Rota belli olsa da kaybolmak güzeldir...

"İnsan yolda en çok kendini bulur. Kendi ile kalır ve kendini tanır. " derim hep. Bir de gitsen 5 de gitsen bu değişmez. Unutulmaz anlardan biri dönüş yolu... Babamın "kardayız" dolu kahkahaları ve gözlerden gelen yaş. Ah ne güzeldir kocaman bir aile olup da kahkaha atmak. Döneceğim elbet hikayenin bu kısmına ama önce biraz fotoğraf ve altı yazıları.










16 Nisan 2015

"Boktan Hayat..." Yok yok değil sinirle söyledim :)

Yazmak, sancılı bir sürecin dışa vurumu. Yazmak, bir iç döküş, bir konuşamama hali. Yazmak; için çığlık çığlık olmuşken, dünyanın boktanlığına, iyi niyetten doğan maraza bir isyan bayrağı. Yazmak, kendini iyileştirmek, sakinleştirmek, kendinle konuşmanı deliliğin dışında daha makul, anlaşılır, kabul edilebilir bir hale dönüştürme uğraşı. 

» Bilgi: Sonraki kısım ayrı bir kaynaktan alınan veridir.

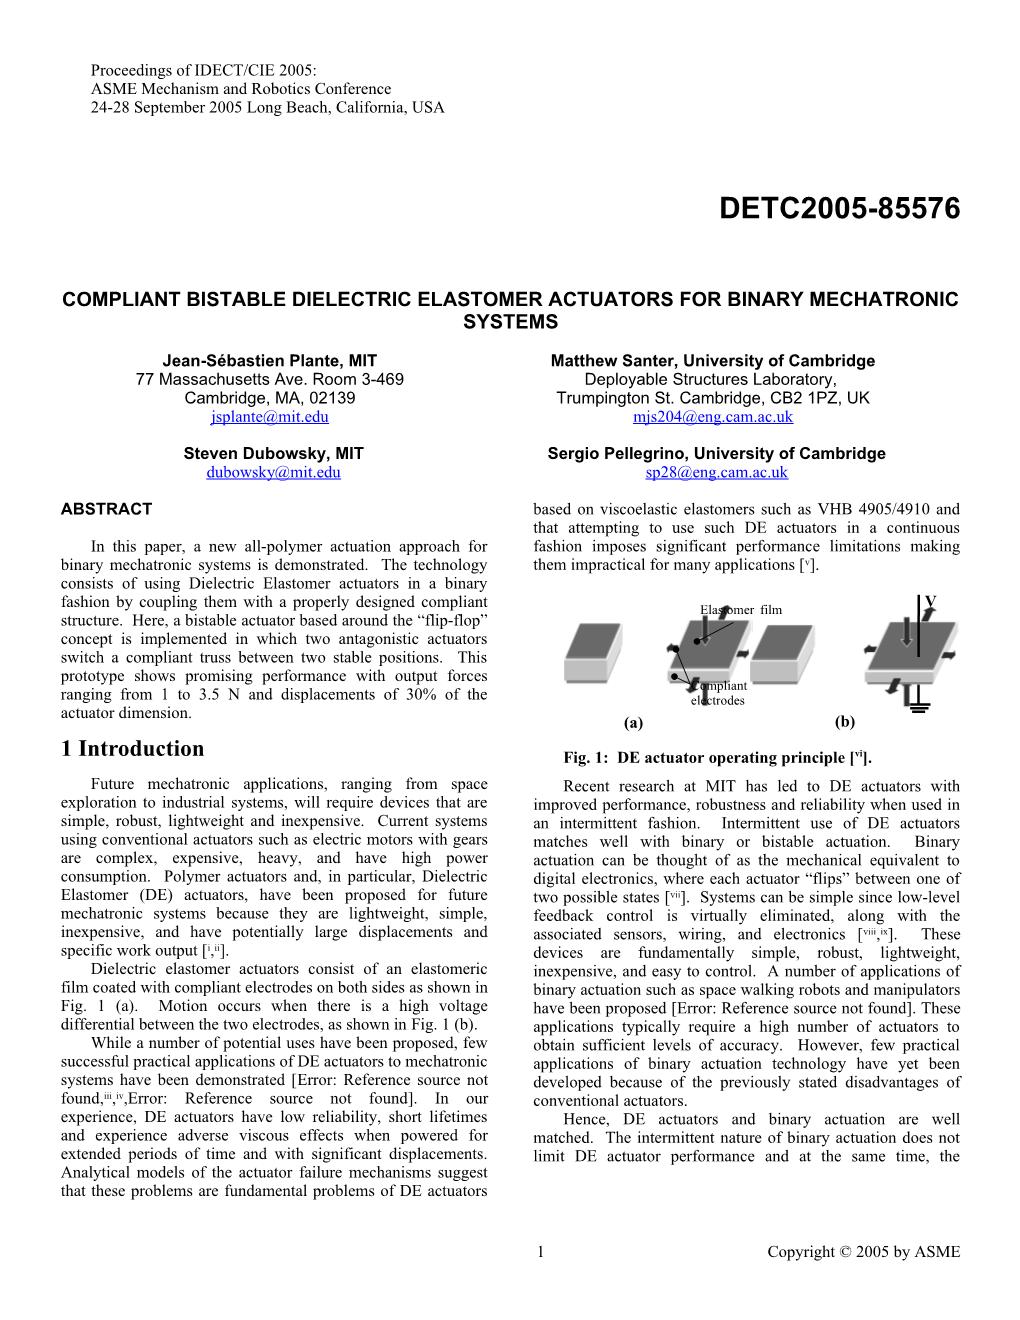 Compliant Bistable Dielectric Elastomer Actuators for Binary Mechatronic Systems
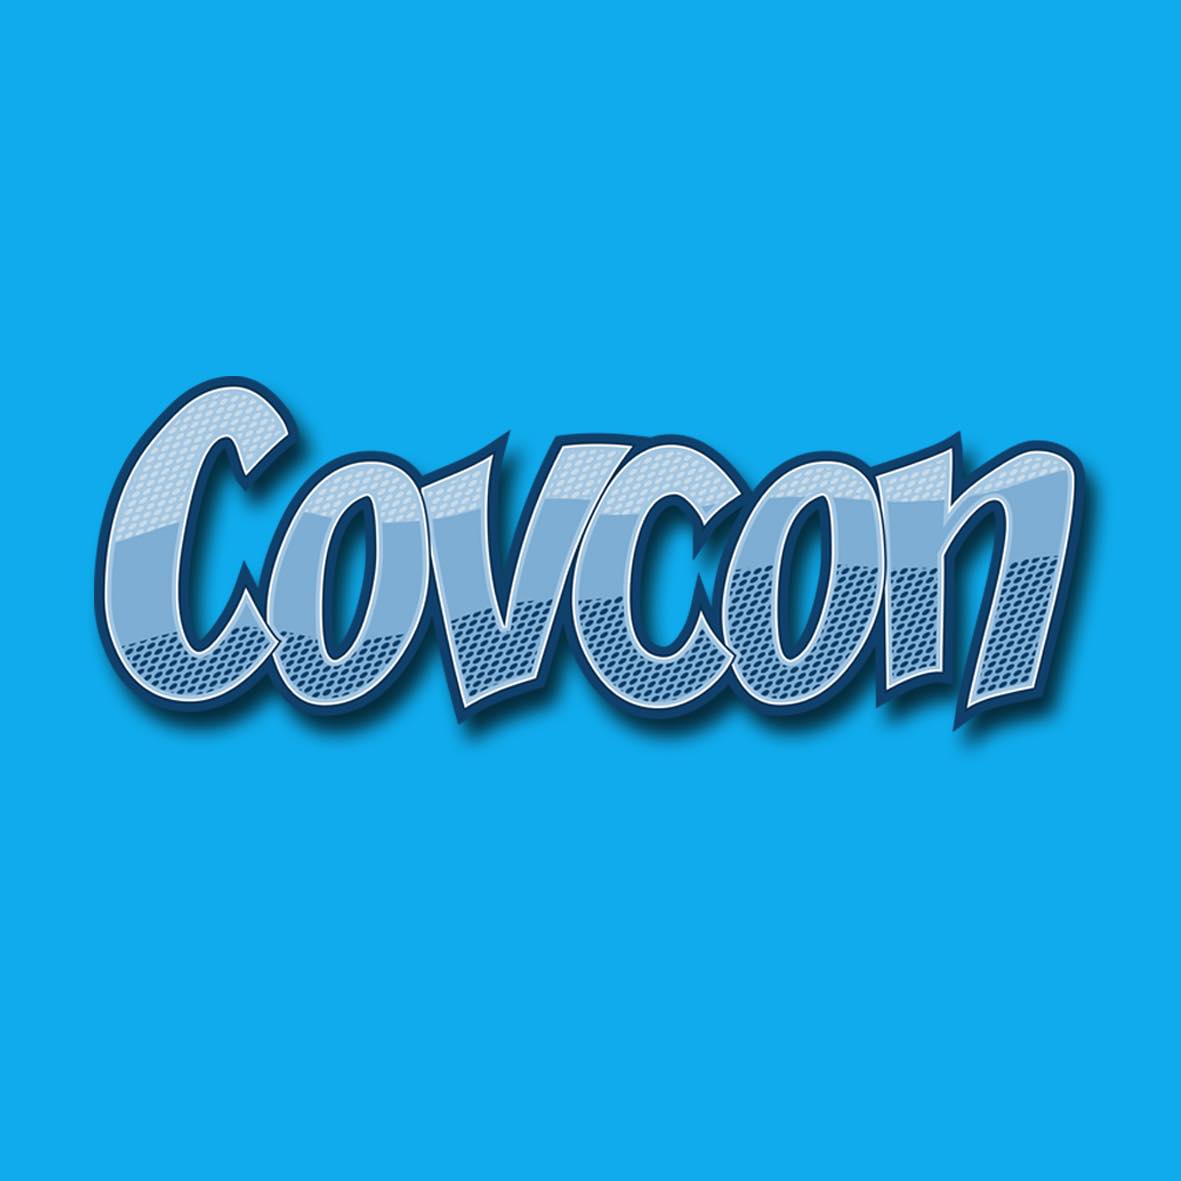 Featured image for “CONVENTION REVIEW : COVCON 2022”Featured image for “CONVENTION REVIEW : COVCON 2022”

Oysa daha dün; "güzel bir güne başlamak için çok sebebin olsa da ufacık bir şey tüm günün kötü geçmesi için yeterli olur. Sen çok olanı seç ve gülümse" yazmıştım. Daha günden, günün getireceği o "büyük şeyden" habersizdim. Neler oluyordu? Neydi sınavım. Ne yapmalıydım? Nasıl davranmalıydım? Sorular büyüdükçe büyüdü... çoğaldıkça çoğaldı. Uyku tutmayan gözlerde fer de kalmadı. Sabah erkenden çıktım evden. Gün başlamamışken, çocuklar okula varmamış, kuşlar henüz uyanmamışken... kafamda kilise çanları, camiden yükselen ezan sesleri ve akşamdan kalmış kırgın kalp atışları ile biraz yürüdüm. Ağzımda buruk bir tat vardı. Belki de dünde kalan "hayat bok falan da değil tamam mı" cümlesinin üzerine akşam vakti kurduğum; hayatın aslında bombok olduğuna dair betimlemelerle doldurduğum cümlelerimin tadıydı. Düşünmek istemedim. 

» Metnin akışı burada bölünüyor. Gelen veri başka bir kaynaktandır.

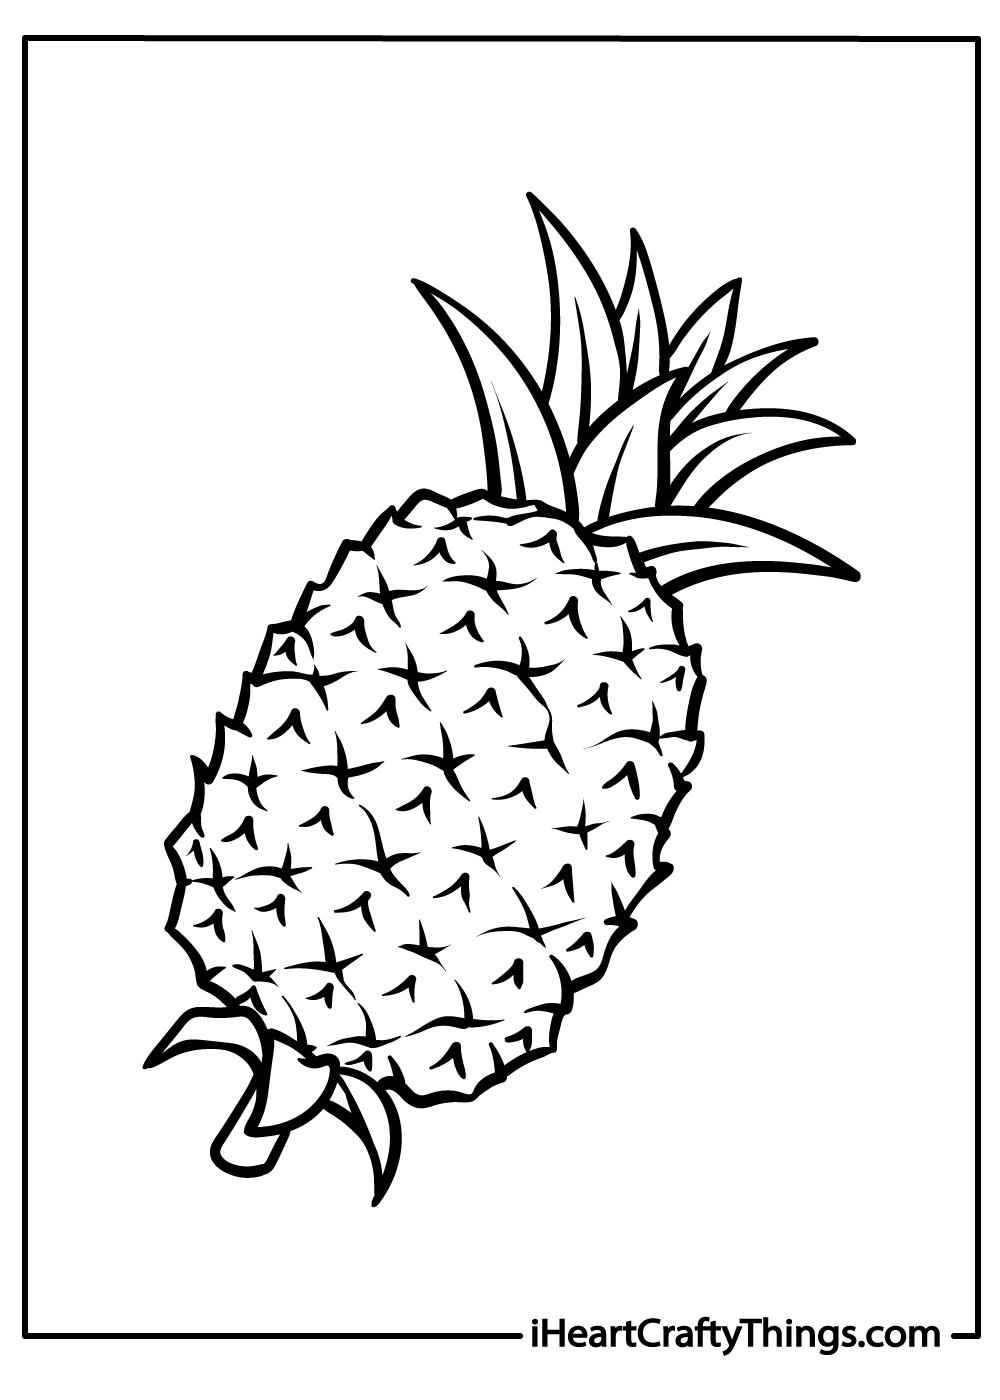 Pineapple Coloring Pages for kindergarten

Uykusuz ve yorgundum üstelik bir kaç gün öncesinden beri devam eden sırt ağrılarım kendini bana daha çok hissettiriyordu. Biraz ağladım. Biraz bağırdım. Biraz isyan ettim. Çünkü yüreğim hala "aslında pek çok şey öyle güzel ki... seni cehenneme çekmeye çalışan hayata inat, gülümse diyordu" Yüreğimin sesini dinlemeyi ne çok isterdim. Şu saate kadar yapamadım. Ama fark ettim ki, yazarken ara ara gülümsedim. Ara ara "evet ya" dedim. Sanki yazı biterse, hemen şimdi mesela... yüreğimin sesini daha güçlü duyup, ona inanabileceğim.


Hani erken inerdi karanlık,
Hani yağmur yağardı inceden,
Hani okuldan, işten dönerken,
Işıklar yanardı evlerde,
Eskidendi, çok eskiden.
Hani ay herkese gülümserken,
Mevsimler kimseyi dinlemezken…
Hani çocuklar gibi zaman nedir bilmezken,
Eskidendi, çok eskiden.
Hani hepimiz arkadaşken,
Hani oyunlar tükenmemişken,
Henüz kimse bize ihanet etmemiş,
Biz kimseyi aldatmamışken,
Eskidendi, çok eskiden.
Hani şarkılar bizi bu kadar incitmezken,
Hani körkütük sarhoşken gençliğimizden,
Daha biz kimseye küsmemiş,
Daha kimse ölmemişken,
Eskidendi, çok eskiden.


Şimdi ay usul, yıldızlar eski
Hatıralar gökyüzü gibi gitmiyor üstümüzden
Geçen geçti,
Geçen geçti,
Geceyi söndür kalbim
Geceler de gençlik gibi eskidendi
Şimdi uykusuzluk vakti.*














* Mungan mısralarında Sezen sesi...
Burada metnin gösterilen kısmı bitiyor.